The 3D CNN was trained to classify brain regions belonging to a priori assigned RSNs. Training made use of normal human RS-fMR imaging data (n = 2795) from the Harvard-MGH Brain Genomics Superstruct Project as well as from additional studies in progress at Washington University. These are detailed in Table 2 and include the Alzheimer’s Disease Research Center, the Dominantly Inherited Alzheimer’s Network, and the HIV Program at the Division of Infectious Diseases. Each subject had approximately 14 min of RS-fMR imaging data (gradient echo echoplanar imaging with 3000 m TR, 3 mm cubic field of view), which were denoised, motion corrected, low-pass filtered and adjusted with global signal regression using methods previously described . RSNs were identified from 300 spherical regions of interest (ROI), which had previously been identified on a meta-analysis of T-fMR imaging. The choice of ROIs is detailed in Gordon and colleagues. From the 300 ROIs we extracted a subset belonging to 9 RSNs that are associated with the language system. These include the ventral attention network (VAN), cingulo-opercular network (CON), auditory network (AUD), default mode network (DMN), parietal memory network, fronto-parietal network (FPN), salience network (SAL), dorsal attention network (DAN), and medial temporal network (MTL).
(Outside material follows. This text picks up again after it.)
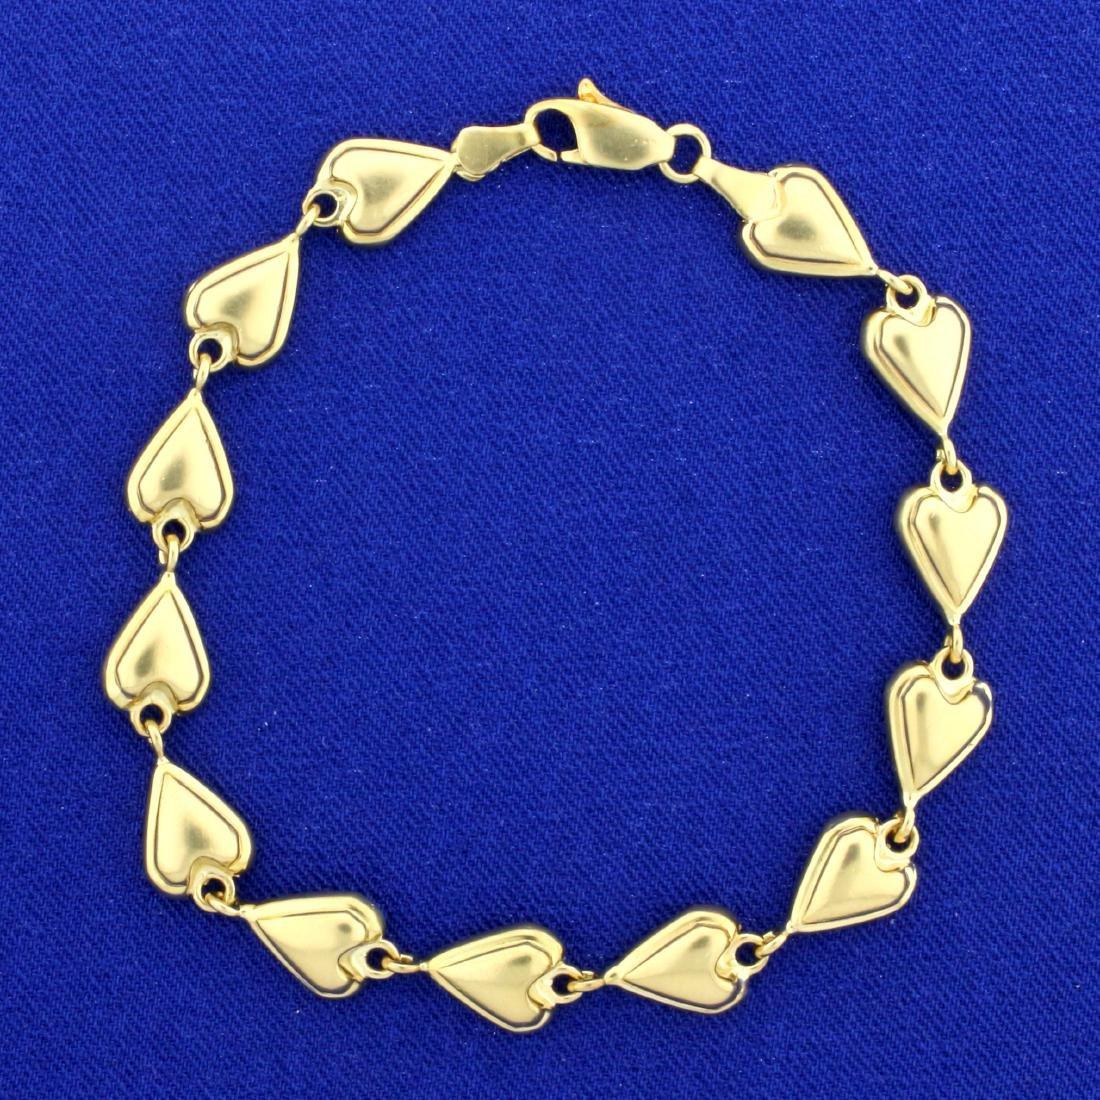 7 1/2 Inch Heart Link Heart Bracelet in 14K Yellow Gold

Of note, the 300 ROI parcellation does not have a separate language network; however, it includes the language system as a major component of the VAN. For each of the RSNs, an output map from the 3D CNN estimated the probability that voxels belonged to the RSN. Multiple (n = 268,000) example sets were generated from the data and then divided into training (n = 187,600) and validation (n = 80,400) sets. Outputs of our 3D CNN were native to a standardized atlas customized for scanners and preprocessing workflows at our institution and we linearly transformed these outputs to MNI152.